First Theme: Naturecultures: Materialist Explorations of the Embodied Mind
As a start we propose a series of key texts that show how we as cultured humans are always already in nature and how nature is necessarily cultured. As opposed to the transcendental and humanist traditions that never stop haunting us, these texts propose materialist perspectives that travel the fluxes of matter and mind, body and soul, nature and culture.
Schedule:
18 September Claire Colebrook: Postmodernism is a Humanism
25 September – Manuel Delanda: The Geology of Morals: a
Neo-Materialist Interpretation
http://www.t0.or.at/delanda/geology.htm
2 October – Rosi Braidotti: Transpositions (Ch. 3 Transplants: Transposing Nature)

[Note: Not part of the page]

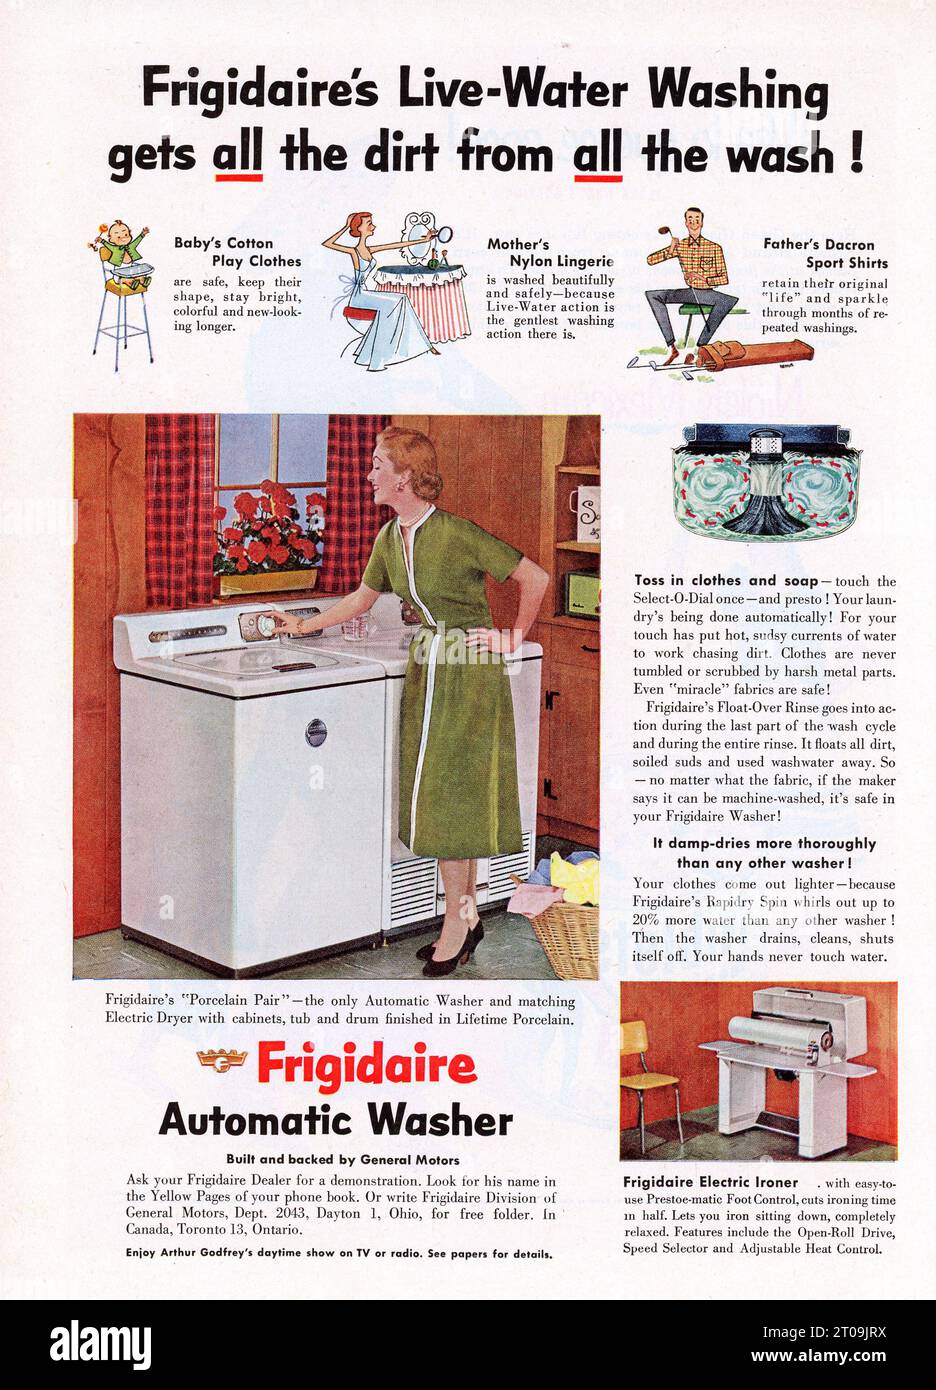 Vintage April 1953 'Good Housekeeping' Magazine Issue Advert, USA Stock Photo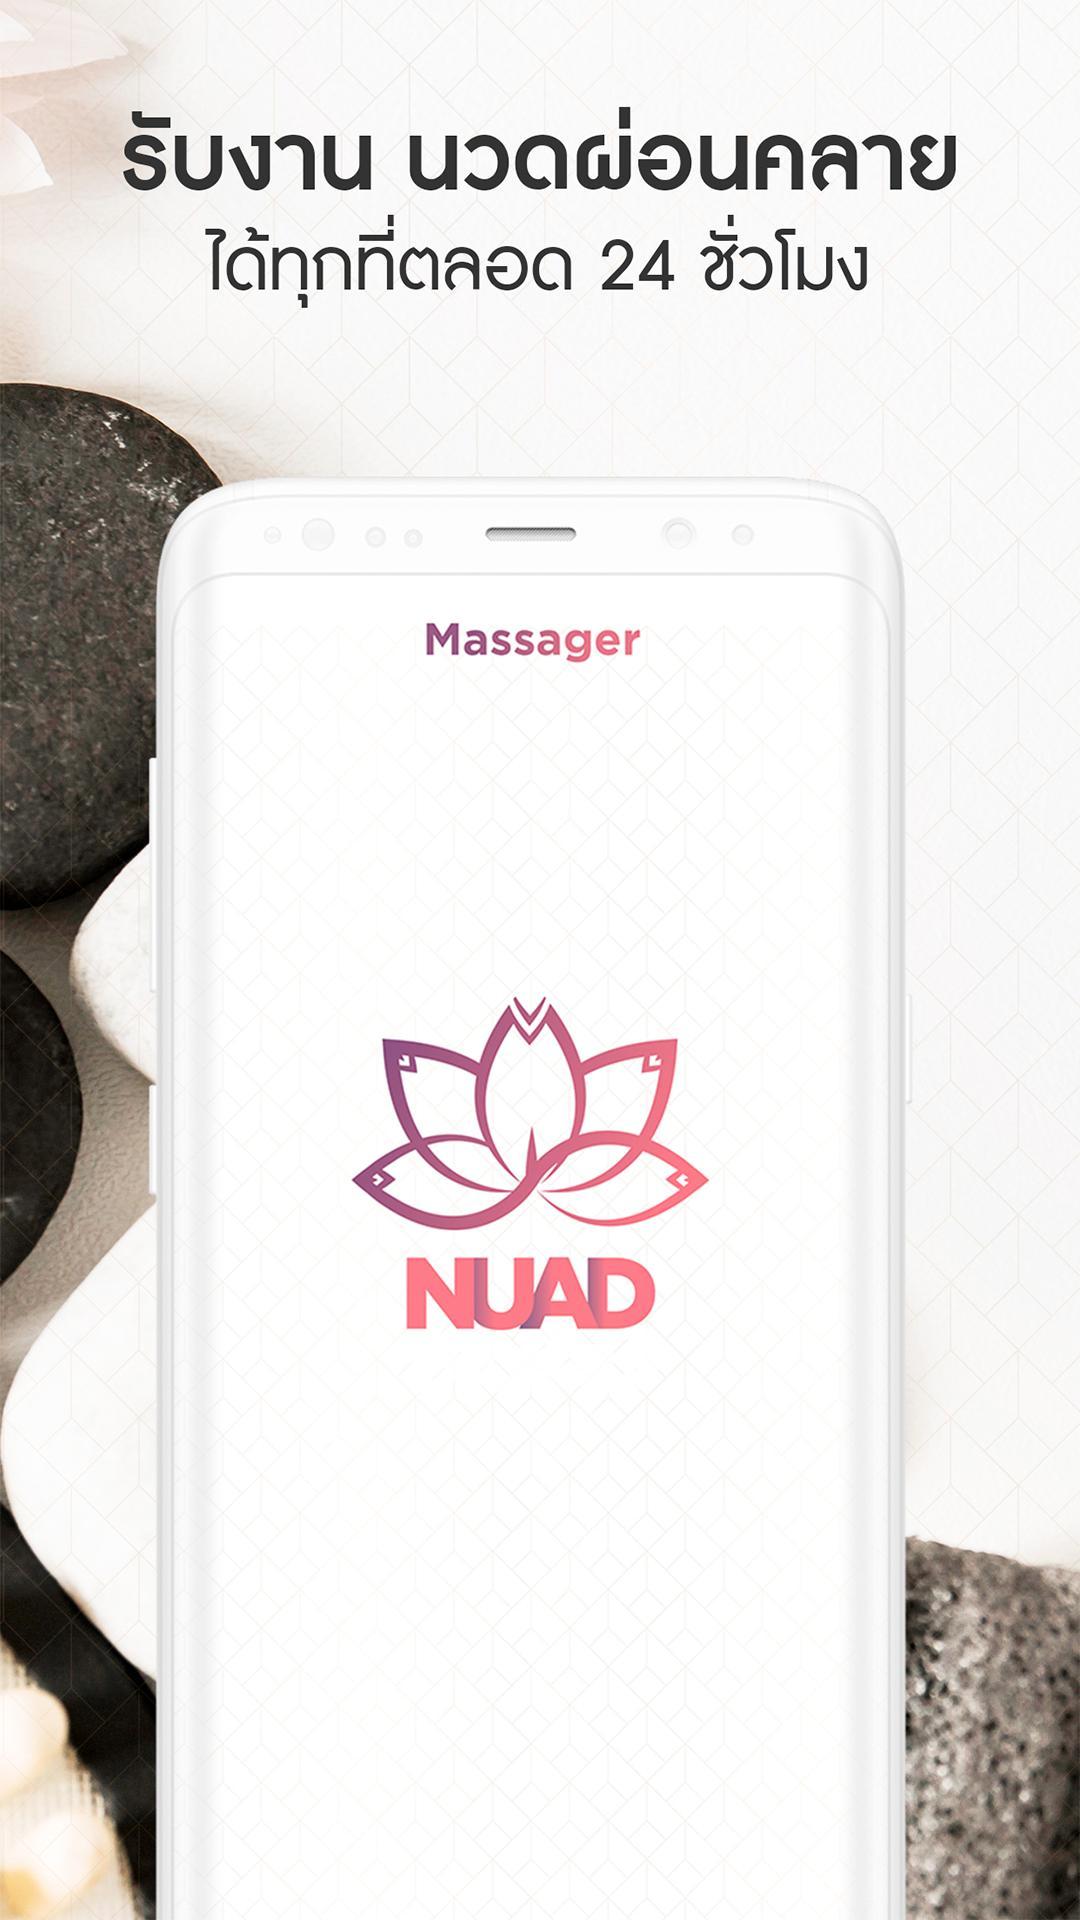 MOR NUAD - For Massager for Android - APK Download

9 October – Michel Serres & Bruno Latour: Conversations on Science, Culture and Time (Ch. 3 Demonstration and Interpretation)
16 October – Brian Massumi: Parables for the Virtual (Ch. 8 Strange Horizons: Buildings, Biograms, and the Body Topologic).
23 October - Alfred North Whitehead: Process and Reality (Ch. 2 The Extensive Continuum)
30 October – Shaun Gallagher: How the Body Shapes the Mind (Ch. 1 The Terms of Embodiment and Ch. 10 Before You Know It)
13 November - Sara Ahmed: Queer Phenomenology (Ch. 1 Orientations Toward Objects)
20 November - Karen Barad: Meeting the Universe Halfway (Ch. 2 Diffractions: Differences, Contingencies, and Entanglements That Matter)
27 November - John Mullarkey: Post-Continental Philosophy: an Outline (Ch. laatste h)
We will compile several readers and place them in a pigeonhole at the KNG 29 (first floor) and the Janskerkhof 13 (ground floor). Please make a copy of the texts and put them back.



3 comments
{16.10.08 om 0:47}
Super dat jullie zo’n seminar organiseren, dat zal CIW veel goeds doen! Nu nog kijken wanneer ik hier tijd voor vrij kan maken… Veel succes ermee in ieder geval!
{19.10.08 om 23:08}
dank je wel an. ik hoop dat er meer studenten op af komen. het is volgens mij belangrijk dat dit soort dingen gebeurt.
{31.10.08 om 8:06}
Jammer dat ik deze serie niet kan bijwonen. Het lijkt me zeker belangrijk dat zulke dingen gebeuren, en super tof dat het nu ook opengegooid wordt voor BA en MA studenten!!! Ik ben erg benieuwd welke thema’s er verder dit studiejaar langskomen.